The preservative you choose depends partly on the pH of your final product. Hyaluronic acid gel in distilled water typically falls in the pH 5 to 7 range. Good options for this window include phenoxyethanol (effective from pH 6.0 to 8.0), potassium sorbate paired with sodium benzoate (both work well in water-based products), and sorbic acid (effective from pH 3.5 to 6.0). Liquid Germall Plus is popular in the DIY community because it’s broad-spectrum and easy to use at a low percentage. Follow whatever usage rate the supplier recommends for your specific preservative, and add it to the water before or after the powder hydrates, depending on the preservative’s instructions.
Adjusting Thickness and Concentration
Your 1% stock solution is the building block. You can use it straight as a serum, or you can dilute it into other formulations at lower concentrations. The math is simple: if you use 20% of your 1% stock in a formula, your final product contains 0.2% hyaluronic acid. Using the full stock undiluted gives you the maximum 1% concentration.
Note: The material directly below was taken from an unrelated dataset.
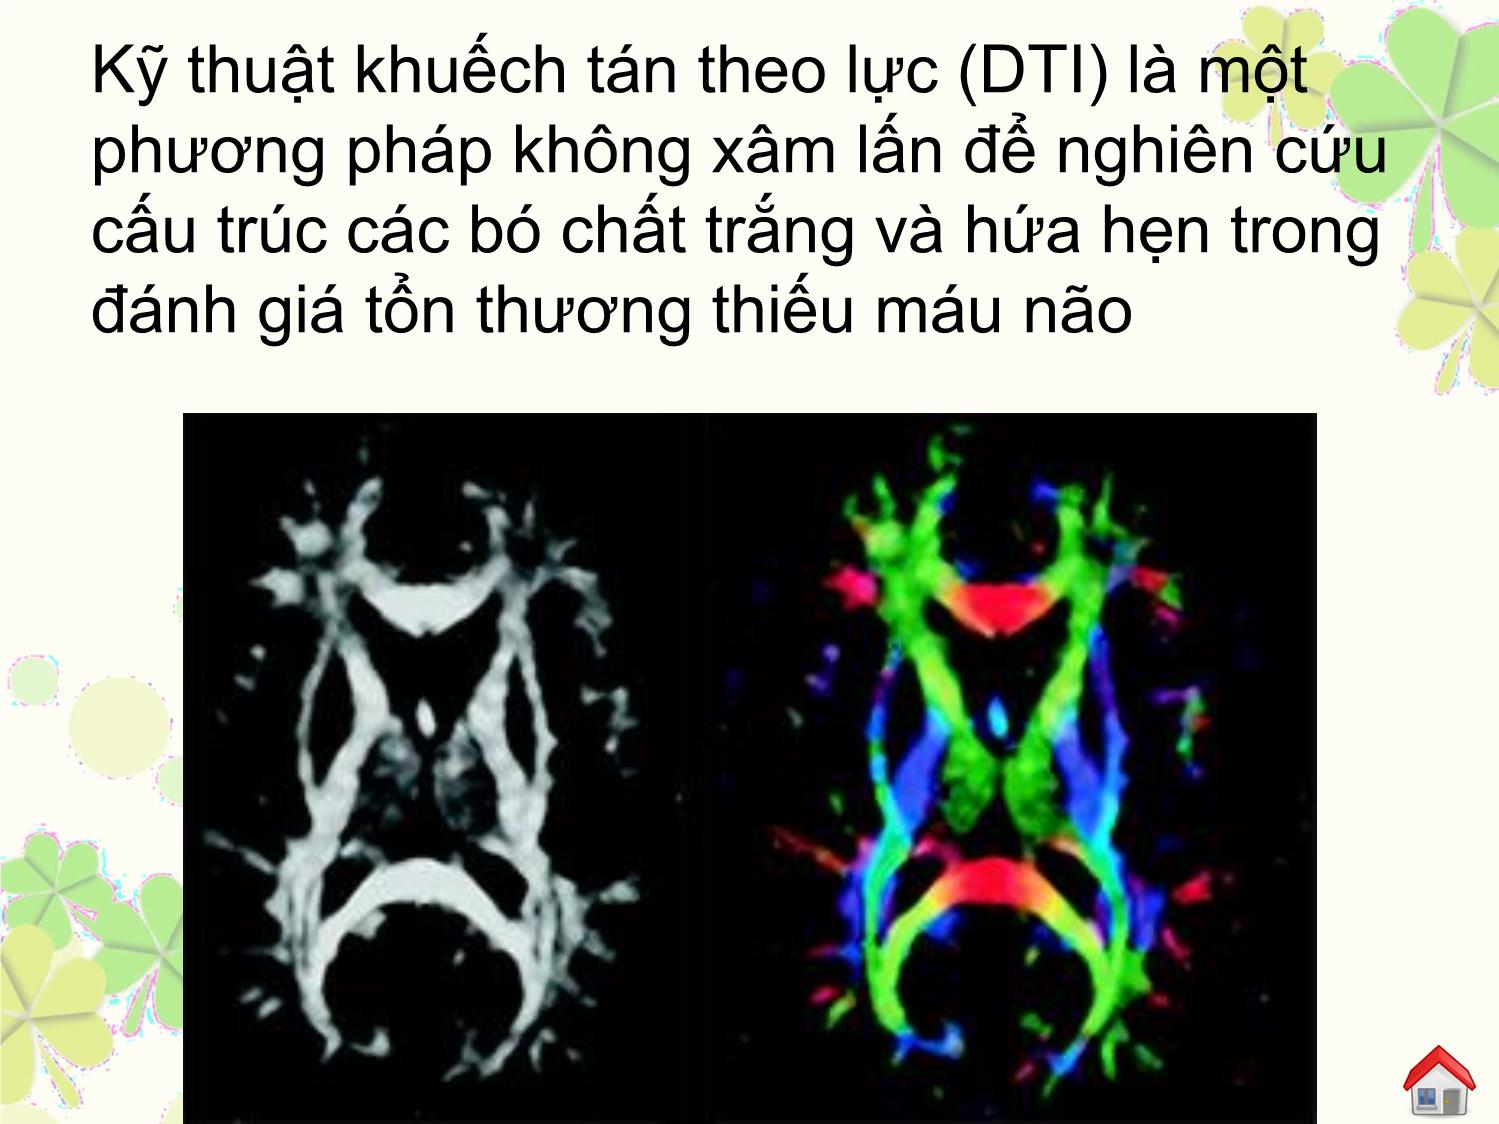 Đặc điểm hình ảnh bó tháp trên cộng hưởng từ khuếch tán theo hướng (dti) của người bình thường và thay đổi trong tổn thương nhồi máu não cấp trang 6

If you want a thicker gel, use high molecular weight powder exclusively. If you want something lighter that absorbs quickly, use low molecular weight powder. You can also make a stock of each and blend them together. A common approach is roughly 70% high molecular weight stock and 30% low molecular weight stock, though the ratio is flexible and comes down to the texture you prefer.
For a richer product, some formulators add a small amount of vegetable glycerin (2 to 5% of the total formula) as an additional humectant. This adds body and extra moisture-binding capacity without changing the gel’s basic character.
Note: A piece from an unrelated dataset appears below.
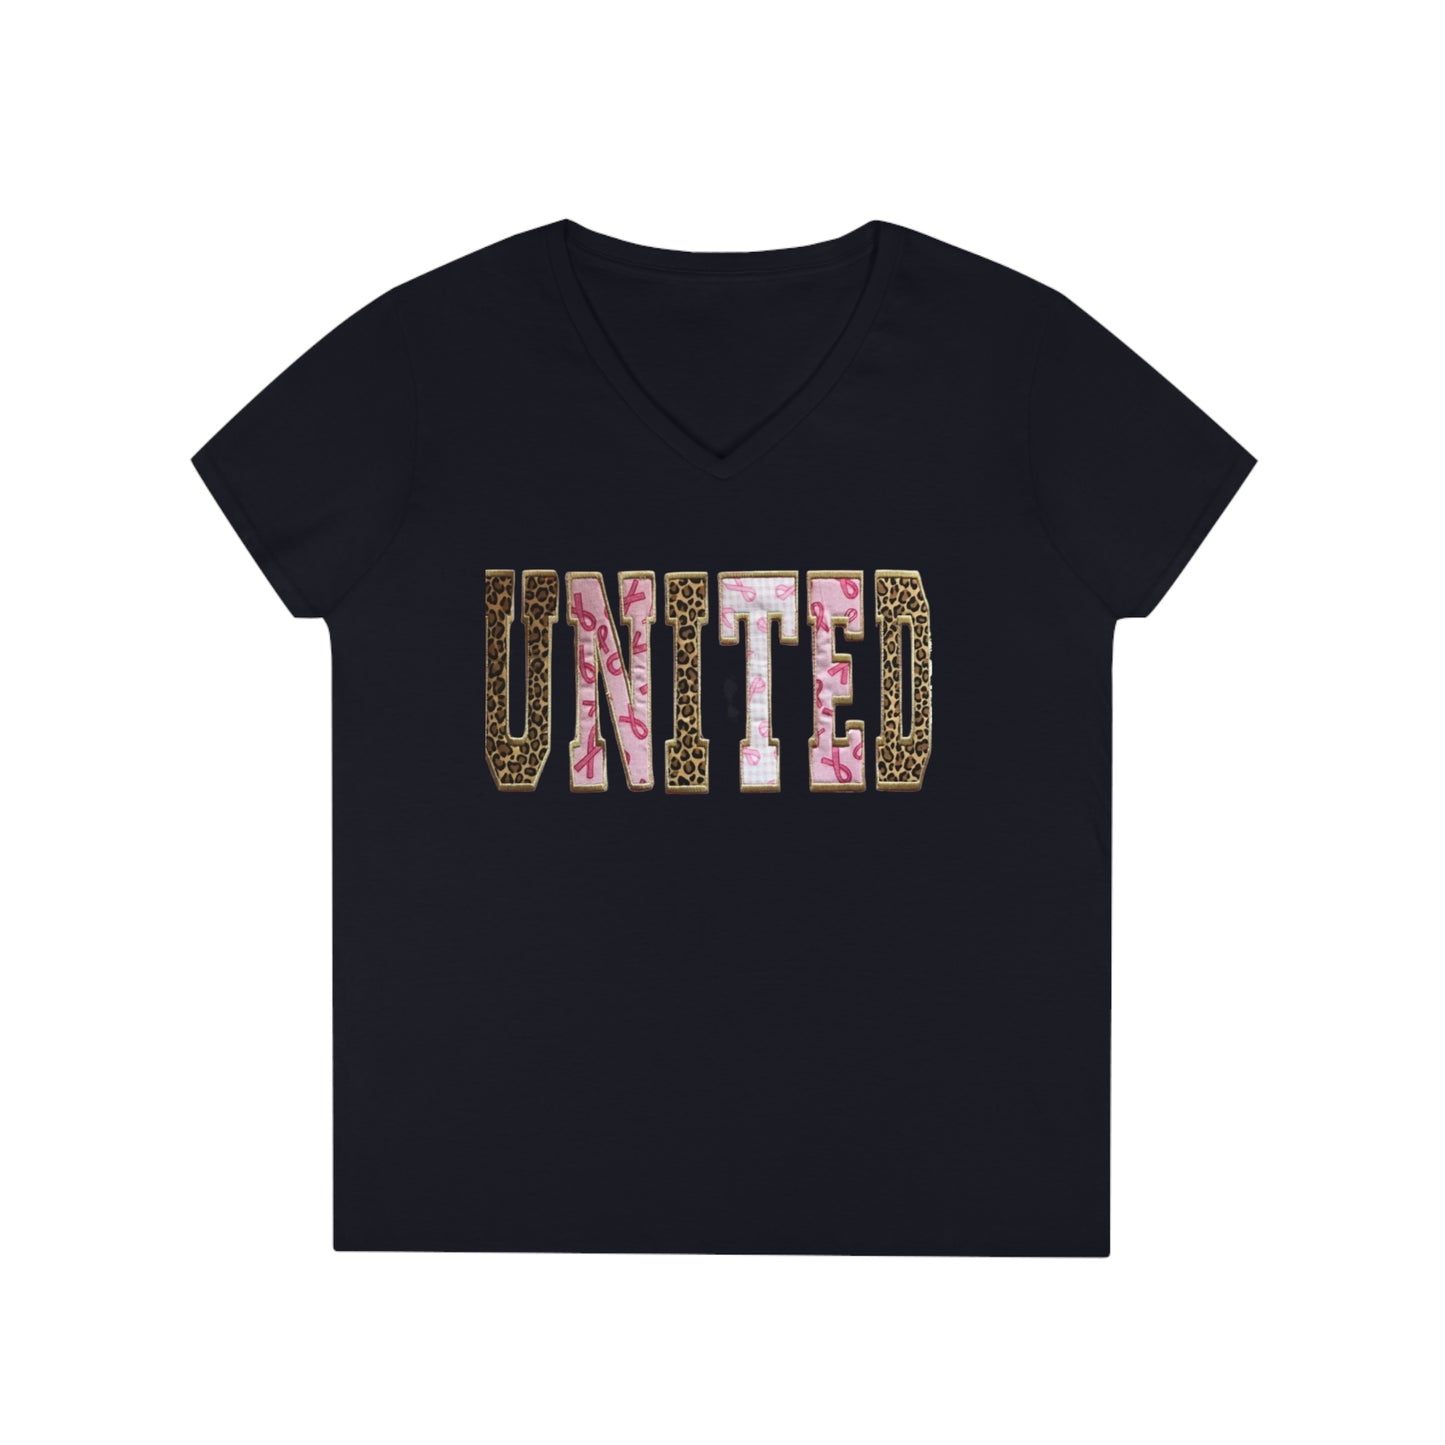 UNITED T-Shirt

Adding Other Active Ingredients
Hyaluronic acid gel plays well with most water-soluble actives. Niacinamide and vitamin C are both safe to combine with hyaluronic acid, and all three are suitable for all skin types with very low risk of irritation. Since both hyaluronic acid and niacinamide are water-based, they mix easily in the same formula.
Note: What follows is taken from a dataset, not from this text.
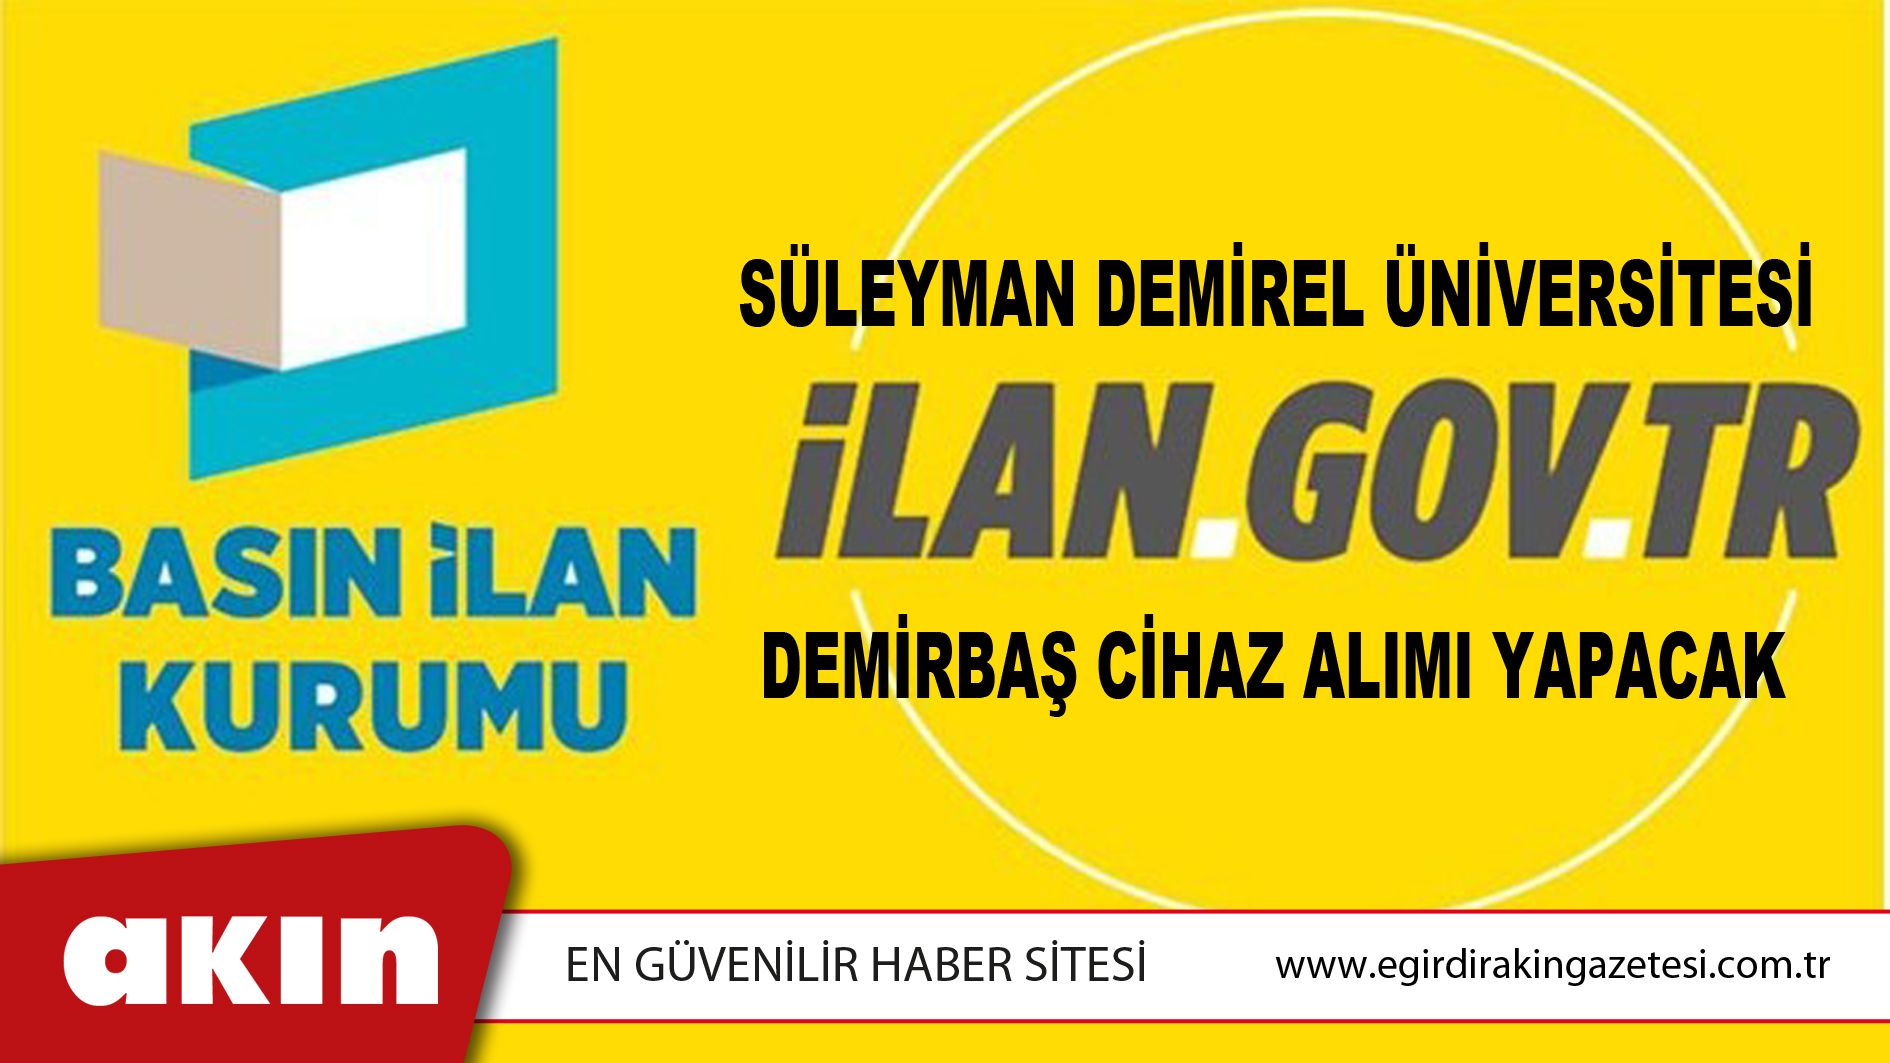 Süleyman Demirel Üniversitesi Demirbaş Cihaz Alımı Yapacak

One thing to watch is pH. Hyaluronic acid is stable across a wide pH range, but it shows slight degradation at extremely acidic (below pH 2) or extremely alkaline (above pH 12) levels. For practical DIY purposes, keeping your gel between pH 4.5 and 7 is ideal. This matters most when adding vitamin C in its pure ascorbic acid form, which drops pH significantly. If you’re adding acidic actives, test the final pH with strips and adjust if needed.
Storage and Shelf Life
Pour your finished gel into a clean pump bottle or dropper bottle. Dark glass is preferable to clear plastic, as it limits light exposure. Store it in a cool place away from direct sunlight.
With a preservative, expect about three months of usable life. Without one, keep it in the refrigerator and finish it within one to two weeks. If the gel changes color, develops an off smell, or becomes cloudy when it was previously clear, discard it. Making small batches (50 to 100 grams) helps you use it up before degradation becomes an issue.
How to Apply Your Gel
Hyaluronic acid is a humectant, meaning it works by pulling water toward itself. Applied to damp skin, it draws that surface moisture in. Applied to completely dry skin in a dry climate, it can actually pull moisture from deeper skin layers instead of attracting it from the environment, leaving your skin feeling drier than before.
The most effective routine is to apply a few drops of your gel to skin that’s still slightly damp from cleansing or a quick mist of water. Pat it in gently, then follow with a moisturizer that contains occlusive ingredients like dimethicone or petrolatum. The hyaluronic acid pulls water in, and the occlusive layer on top prevents that water from evaporating. Without that sealing step, much of the hydration benefit is lost to evaporation, which is why hyaluronic acid alone is not a complete moisturizer.